Finally, structural modelling of native SN and SN‐db‐short into the peptide‐binding groove of CaMKIIδ (Figure 2E,F, respectively), showed that whereas Leu17^SN^ and Val20^SN^ might form hydrophobic interactions with Phe174^CaMKII^ (Figure 2E), the two mutations Phe17^SN‐db‐short^ and Phe20^SN‐db‐short^ most probably form even more favourable hydrophobic interactions by aromatic stacking with Phe174^CaMKII^ (Figure 2F) [21]. The model predictions were validated by mutating key residues in SN‐db‐short, and subsequent ELISA analysis (Figure 2G). The L14F mutation appears favourable, providing similarly strong affinity for CaMKIIδ as SN‐db‐short, while a repulsive force from CaMKIIδ Glu97 makes the 13D mutation unfavourable.
SN‐db‐Short Does Not Bind to Calmodulin
3.3
We have previously shown that SN also binds to calmodulin (CaM) [11]. Sequestrating CaM away from CaMKIIδ could be an additional indirect means to inhibit CaMKIIδ. However, closer inspection of the SN‐db‐short sequence revealed that it lacks Leu27 in the calmodulin binding motif L(X)_6_F(X)_5_L (Figure 3A). To test whether SN‐db‐short still exhibited some CaM binding capacity, we performed a pull‐down experiment using SN‐db‐short and the CaM‐binding site in CaMKII (positive control) synthesised on cellulose membranes. Whereas recombinant CaM was pulled down with the positive control, no CaM was detected for SN‐db‐short (Figure 3B). Taken together, these data indicate that SN‐db‐short is a selective CaMKII inhibitor.
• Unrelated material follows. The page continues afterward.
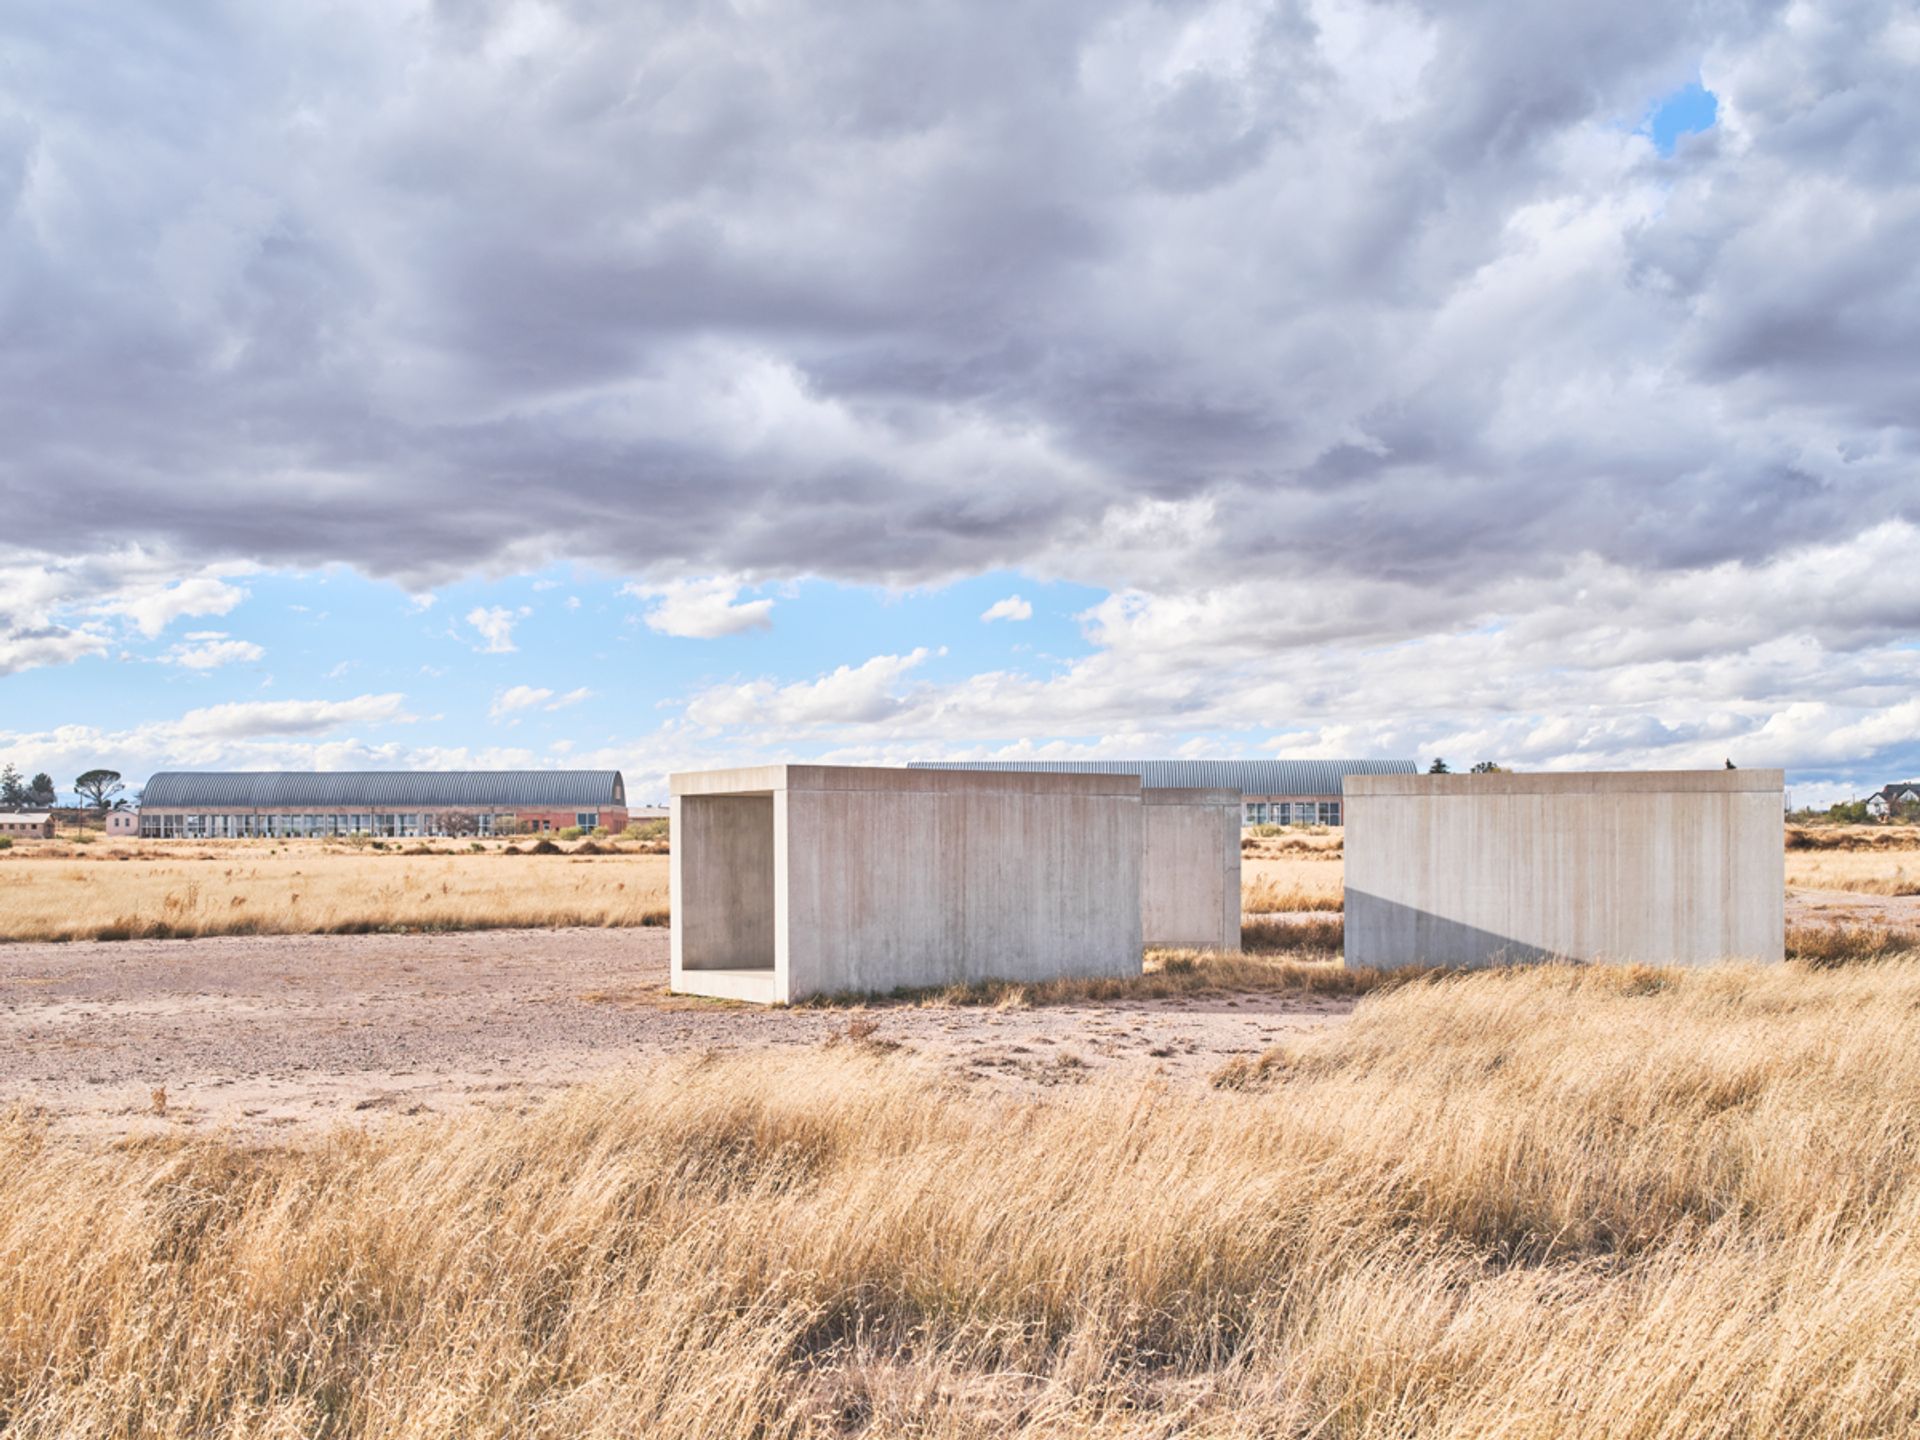 Donald Judd, 15 works in concrete (1980-84) in Marfa, Texas Courtesy The Chinati Foundation. Donald Judd Art © 2021 Judd Foundation / Artists Rights Society (ARS), New York

SN‐db‐short does not bind to calmodulin. (A) Schematic illustration of the calmodulin binding region in SN. The yellow box represents the calmodulin binding motif in SN. SN‐db‐short is shown in blue (amino acids 7–26). The red squares highlight the hydrophobic amino acids in the calmodulin binding motif. (B) Immunoblot analyses of CaM binding of SN‐db‐short. A peptide representing the CaM‐binding site in CaMKII was used as positive control in the pull down analysis.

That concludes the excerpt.